[To do]
Only the lines from the one containing "abstrakt rosa blå" through the final line below belong in the output, copied exactly and without pictures.

[Information shown]
——————
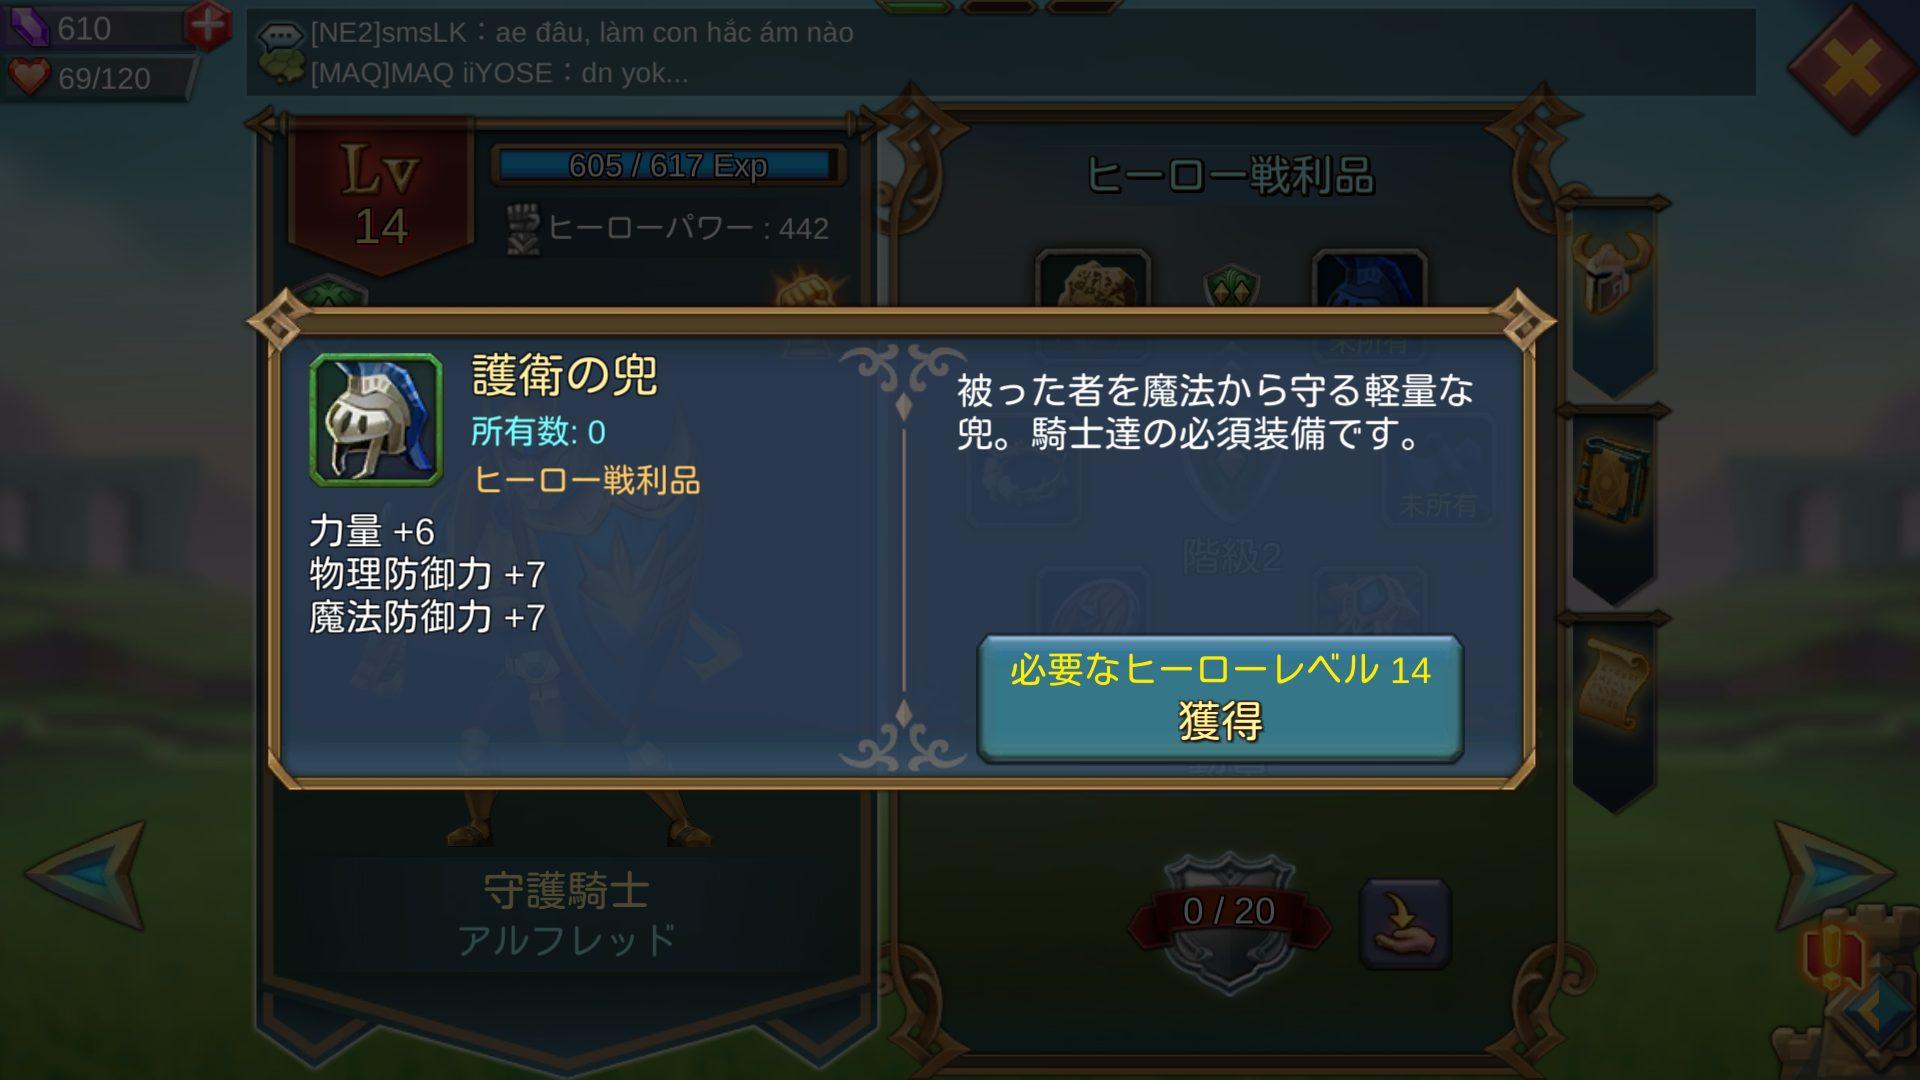 ロードモバイルの装備品詳細
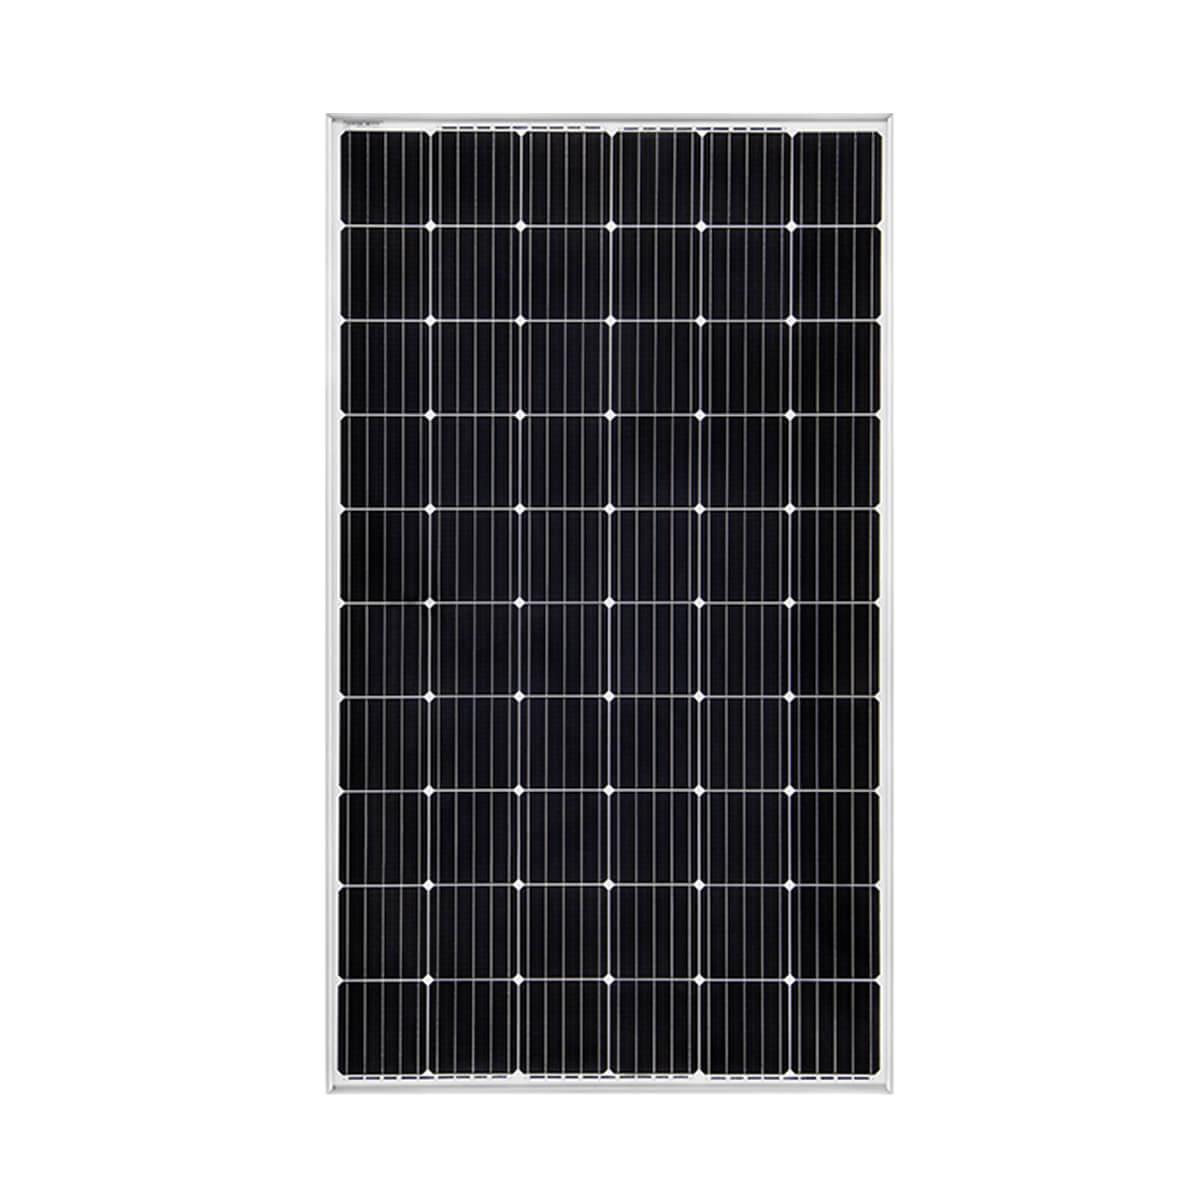 plurawatt 325W panel, plurawatt 325Watt panel, plurawatt 325 W panel, plurawatt 325 Watt panel, plurawatt 325 Watt monokristal panel, plurawatt 325 W watt gunes paneli, plurawatt 325 W watt monokristal gunes paneli, plurawatt 325 W Watt fotovoltaik monokristal solar panel, plurawatt 325W monokristal gunes enerjisi, plurawatt dc-l60-325W panel, PLURAWATT 325 WATT
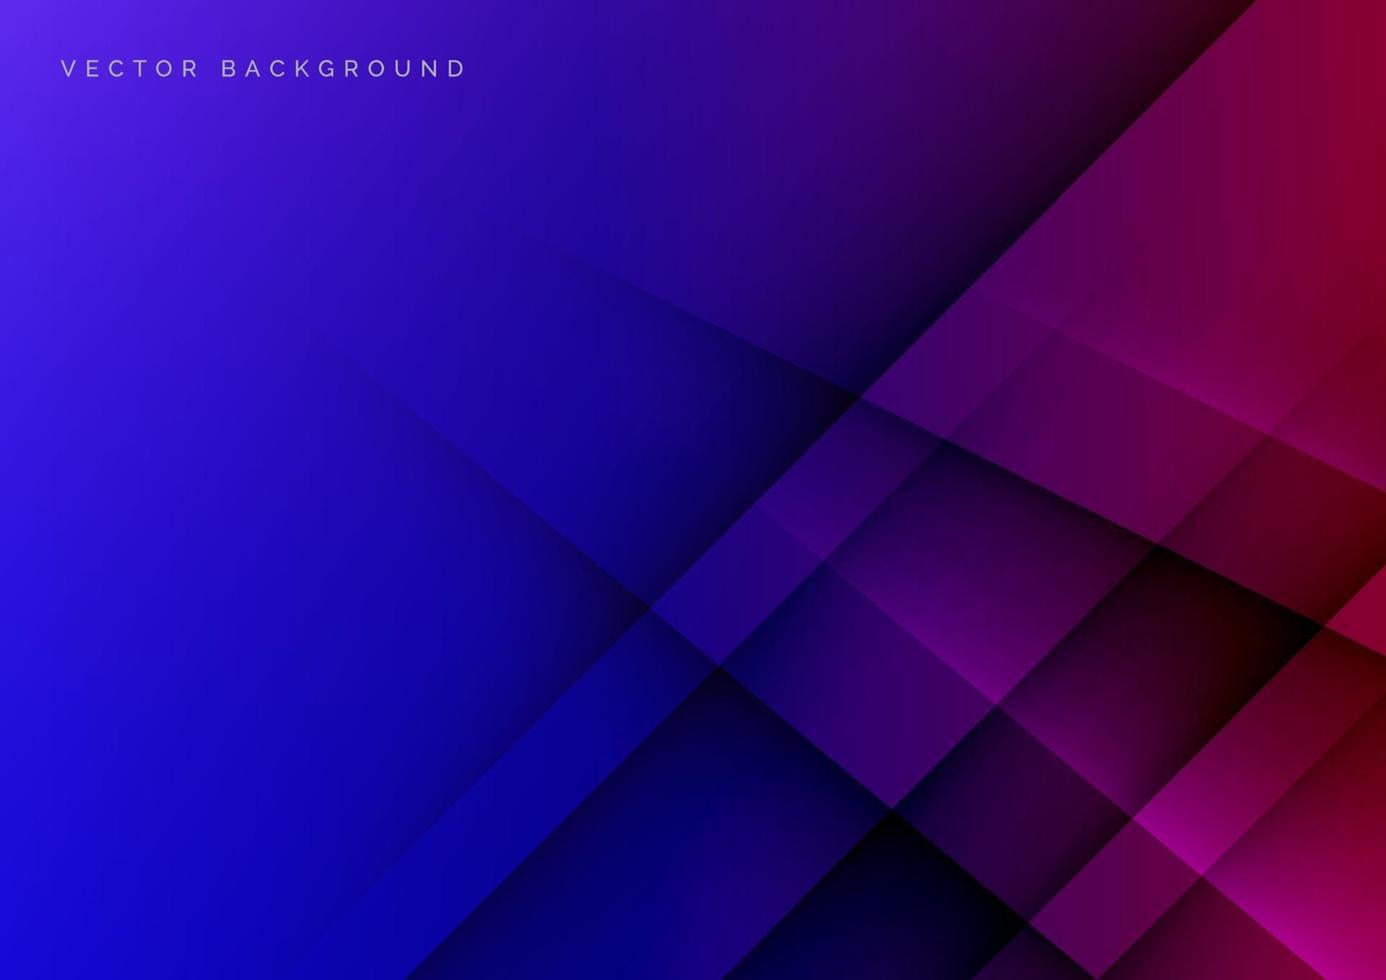 abstrakt rosa blå geometrisk bakgrund och textur. teknik koncept. vektor
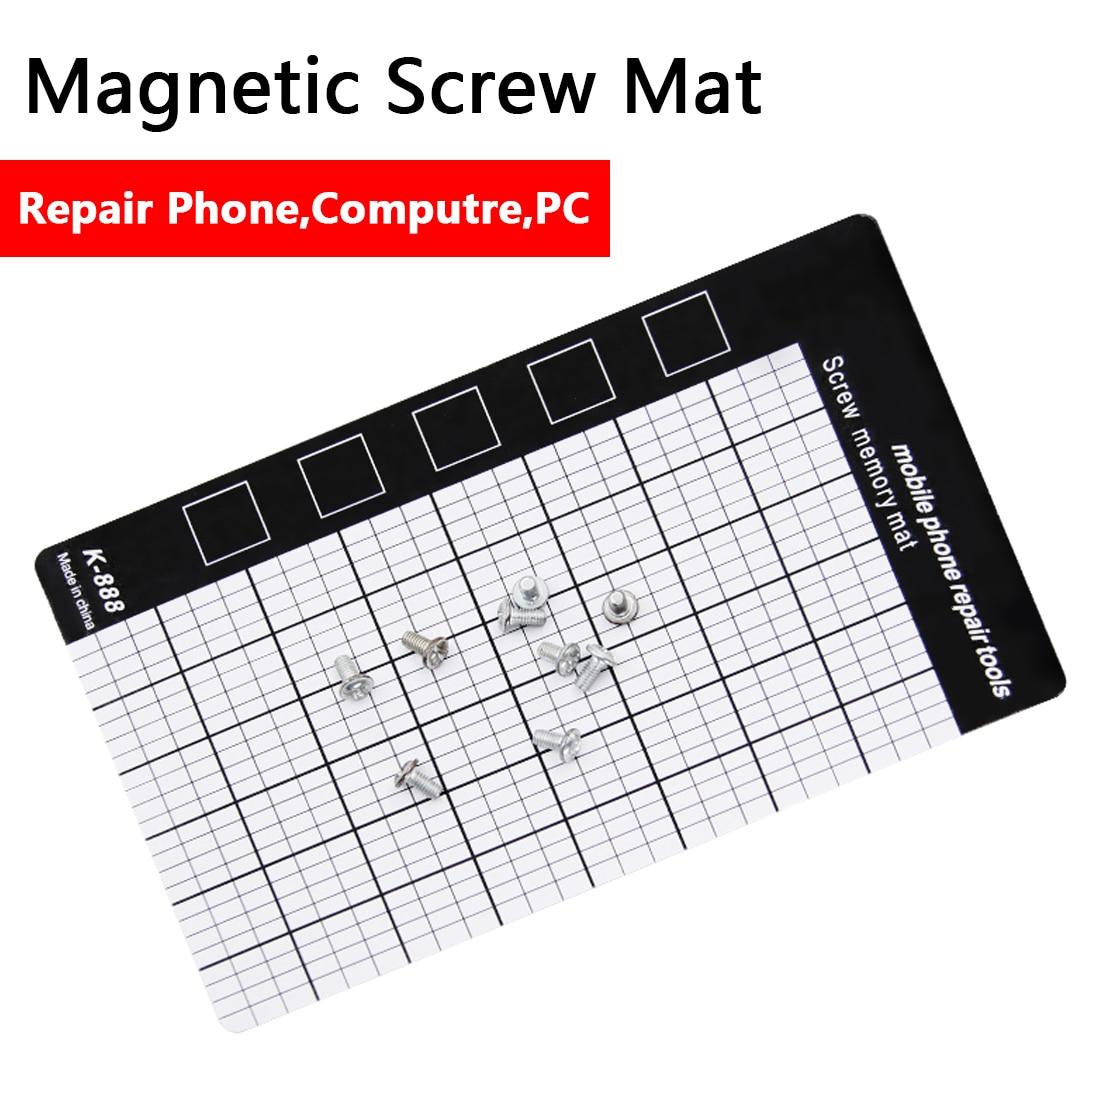 все цены на Magnetic Working Pad Magnetic Screw Mat Memory Chart Work Pad Mobile Phone Repair Tools 145 x 90mm Hand Tool Set онлайн
——————
[Exercise response]
 abstrakt rosa blå geometrisk bakgrund och textur. teknik koncept. vektor
 все цены на Magnetic Working Pad Magnetic Screw Mat Memory Chart Work Pad Mobile Phone Repair Tools 145 x 90mm Hand Tool Set онлайн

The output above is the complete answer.